You never were much of a joiner. Your father once told you, back in the Black Forest, that there was no honour in swinging a sword for a country. For an ideal. For a god, even. When you fought, you were to fight for your own skin, and that of your fellow man.
“Do you understand?” he pressed, and waited for your sullen nod.
Then with twinkling eyes he passed you his messer. Heavy and reassuring, like the man himself. It was a simple tool for a simple purpose: protecting your family.
That was before. Before your fellow men rose up for their ideals and brought down the wrath of the aristocracy. And how you fought then – tooth and nail for what little you had to lay claim to. But in the end it was gone. Your trade, your home, your kin.
The Knights found you in Gengenbach, half mad from horror and haplessly seeking trade. They sized you up and offered you a new one. And with it bed, board, discipline. Literacy. The chance to start again. Would your father have blamed you for taking it?

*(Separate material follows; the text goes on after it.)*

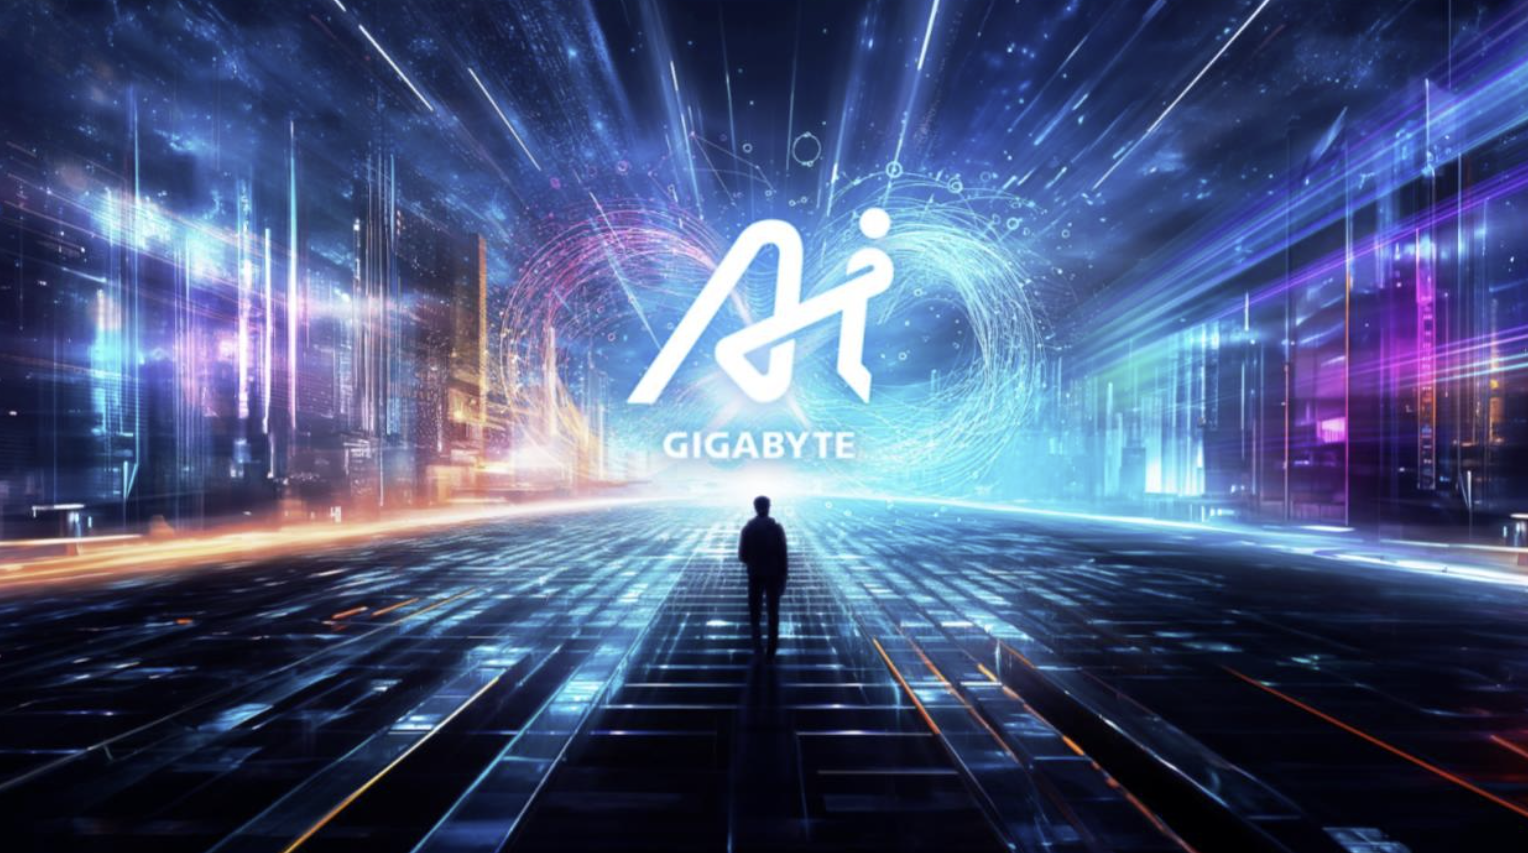 GIGABYTE Pioneers AI PC Market with AI Innovations and Leading Silicon Partnerships

A clamour of vespers bells rouses you from reminiscence. With a bittersweet smile, you take in your vista. A band of indigo marks the horizon, stark above gleaming blocks of golden sandstone. Little boats scud about the wide harbour, bringing their catches home. A flock of white doves rises over Birgu, startled by the sudden bells. The sunset gilds their underbellies as they wheel on the warm sea air.
Shaking your head, you unsheathe the sword from your belt. It is a thing of beauty, to be sure. The rich, dark ebony of its grip gleams with studs in the shape of the cross of your order. The stern hawk head pommel and sturdy crossguard are the satiny dark of a stormy sky. And yet, beneath the knightly renovations, the core remains the same: your father’s sword.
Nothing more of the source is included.